Hi, great stuff you are building! Your GitHub repository is not to be found anymore, unfortunately… Can you share, please?
Hello, thank you!
Sorry about that, it was set to private initally. You can check it now
Very creative use of Gemini! Did you consider using a platform to make calling multiple AI models easier?

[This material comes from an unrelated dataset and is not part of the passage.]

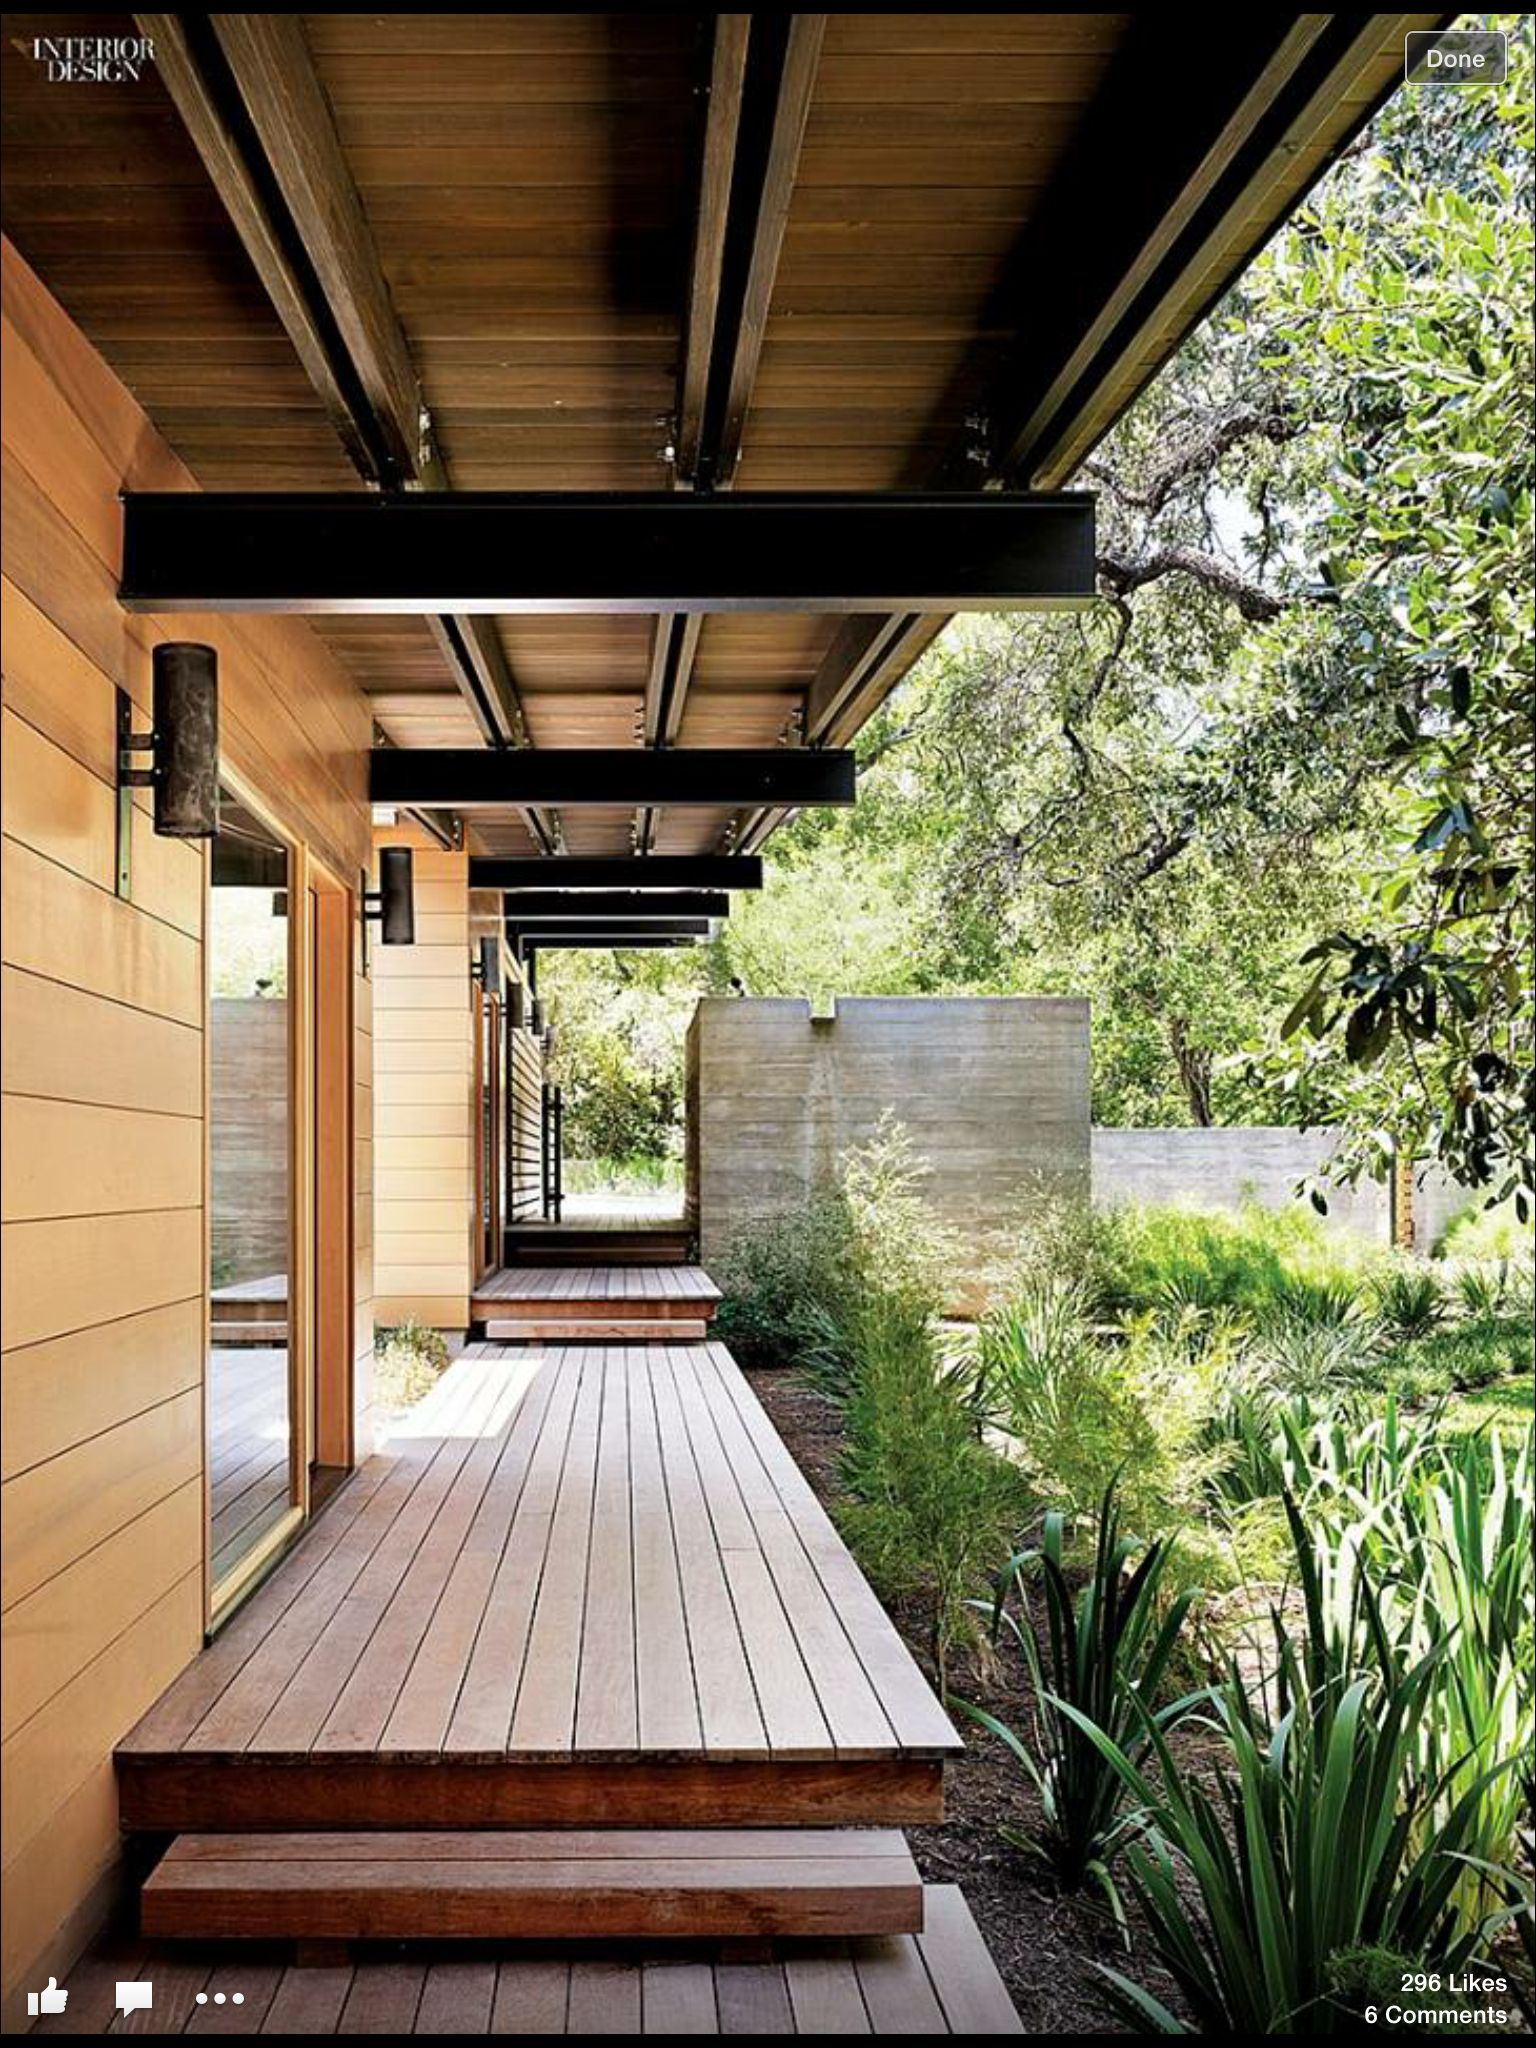 Pin by Amanda Rourke on Yard inspiration | Pinterest | Architecture ...

Thanks! We did consider orchestration frameworks like LangChain early on, but decided against them for this project. Since we're going deep on a single provider (Gemini) rather than swapping models, the abstraction layer didn't buy us much — and the Google GenAI SDK's native async support and multimodal Part API were exactly what we needed for the character sheet consistency technique. Going direct also meant one less dependency and easier debugging when image generation behaved unexpectedly. For a multi-provider setup it'd be a different call though!
This really resonated with me.
Really appreciate you saying that! It was a fun week of building, hope it sparks some ideas for your own projects.
It was very interesting to read about some of the transformations and adjustments for consistency you used. I wanted to make one suggestion: adding a license to the GitHub code so that it is clear if and how others can use it. I didn’t see a license when I checked it out, but please do let me know if I missed it. MIT seems to be a popular default for many AI-related projects.